Any data collected for the custodian should be placed within the corresponding custodian directory and easily identified (such as File Server, Exchange Email, Blackberry, etc.). The goal of the sub-directories is to keep track of where the data originally came from. You could do this backwards with the data sources being the top level structure and the custodian names as the sub-directories, but that becomes confusing and complicated to manage. Using the custodian name as the starting point will make things easier in the collection and processing stages. If done correctly, your structure should look something like this:

Keeping a log of all the custodian names is a crucial part of performing accurate vertical de-duplication, as well as logging the data sources (i.e. Exchange Email, File Server, etc.) each custodian contains. This is important because data is generally collected in batches during discovery.

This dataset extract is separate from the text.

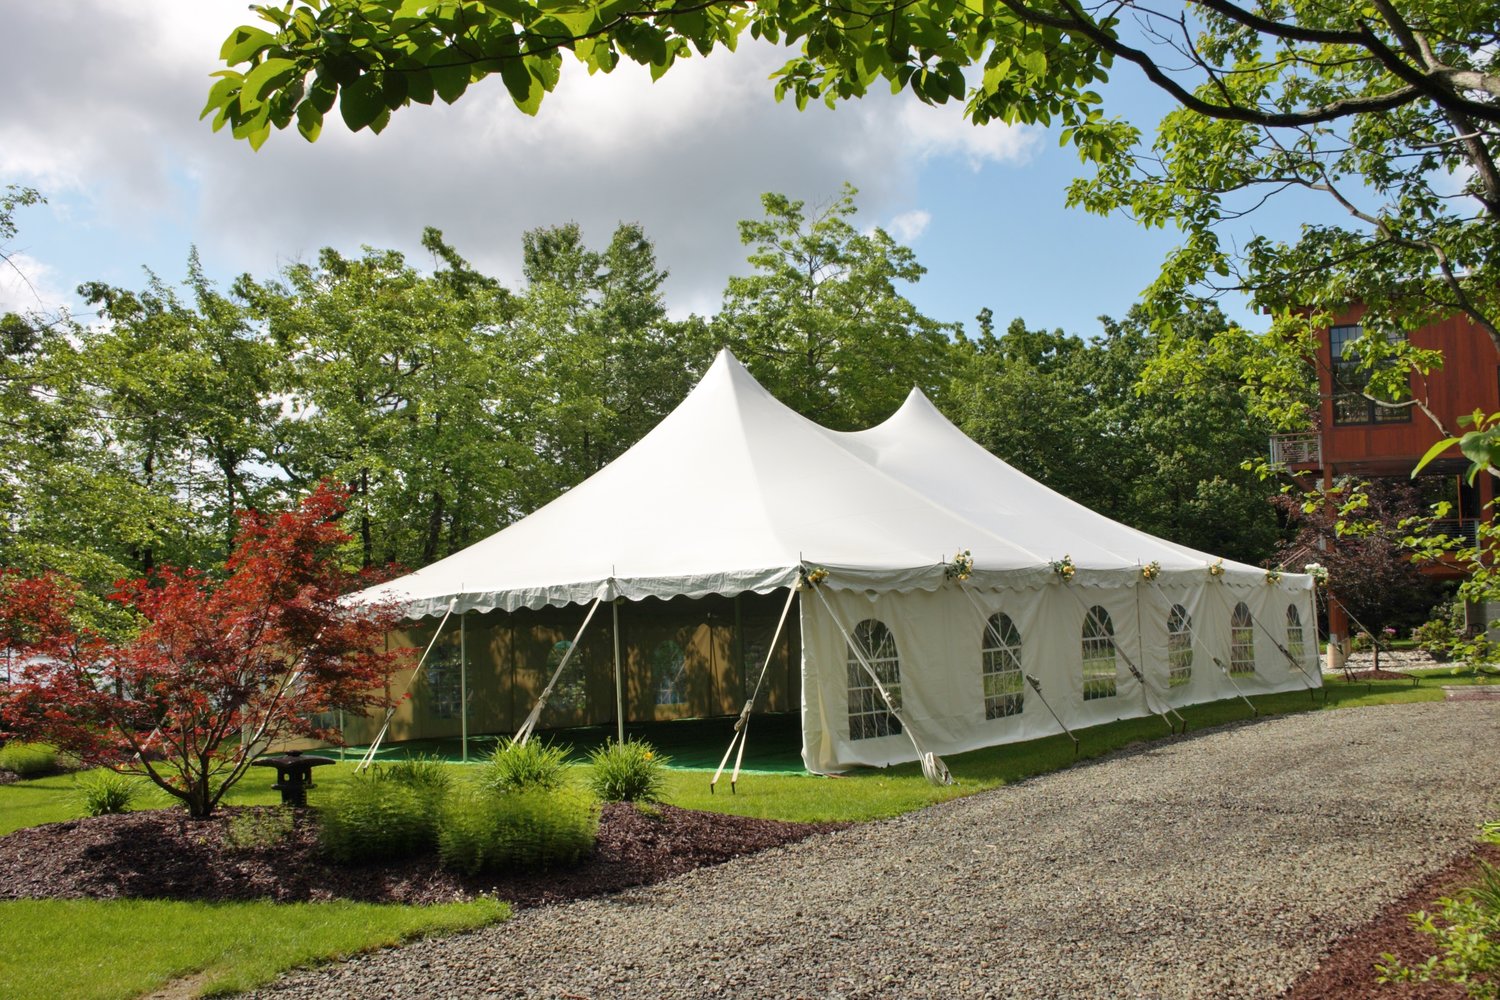 How To Create The Best Layout For Your Outdoor Tented Event Tents For Rent.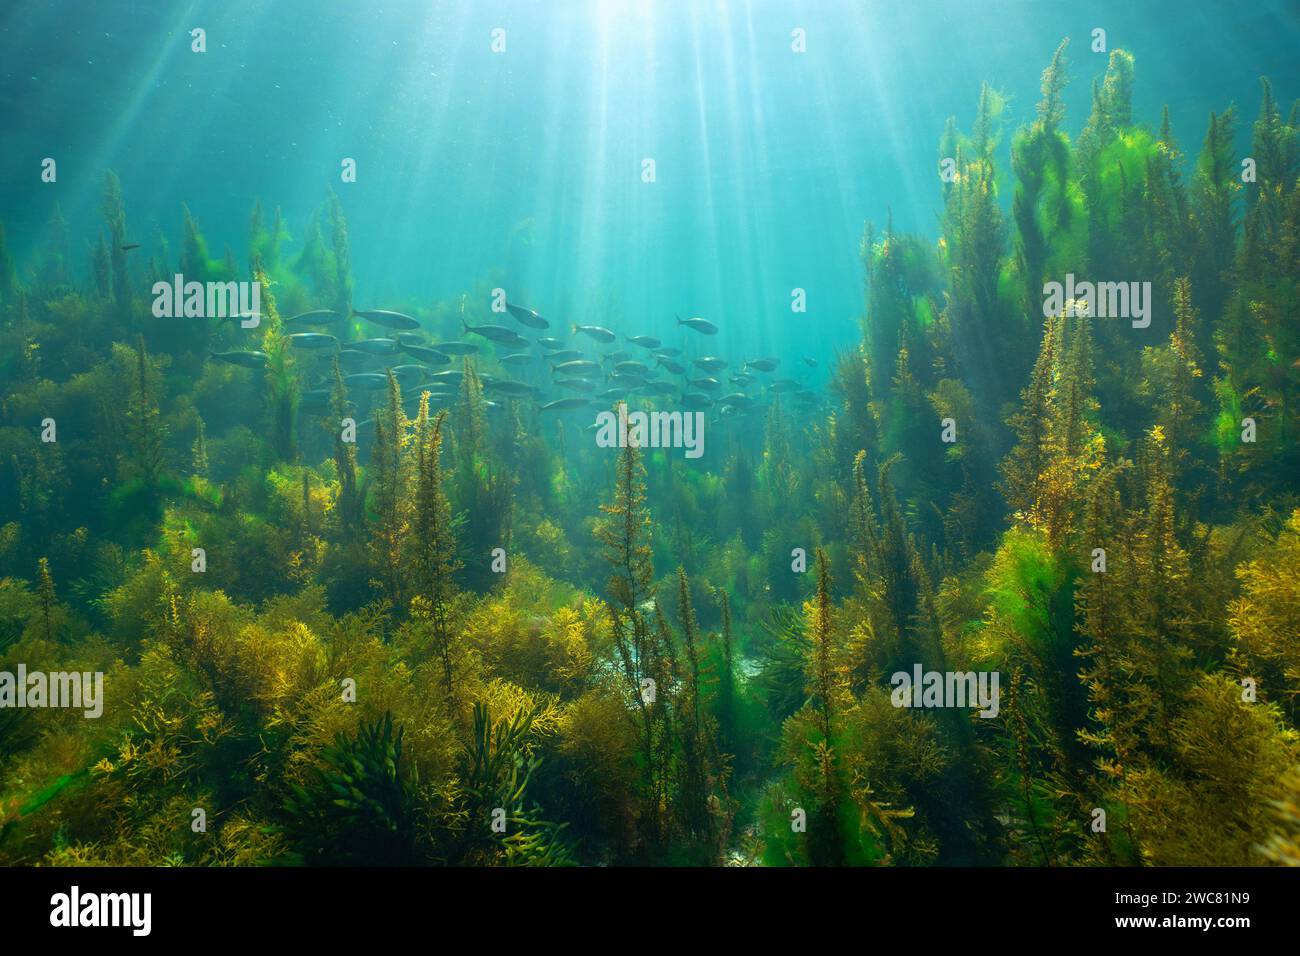 Sunlight underwater with seaweed and a school of fish (bogue) in the Atlantic ocean, natural scene, Spain, Galicia, Rias Baixas Stock Photo

So, if a custodian has new data to be collected and processed, but the majority of the data has already been collected and processed, spelling the person’s name exactly as it was spelled before makes it very easy for de-duplication software to compare the new data against the old data. If this information is not provided, then most de-duplication software applications can not easily detect who created the data and it may treat the new data as a completely new custodian’s data, so none of the new data will be de-duplicated against the old data.

Following these simple steps will not only help you organize your data better, but it will make the overall eDiscovery process a little bit smoother for you and your preferred eDiscovery provider.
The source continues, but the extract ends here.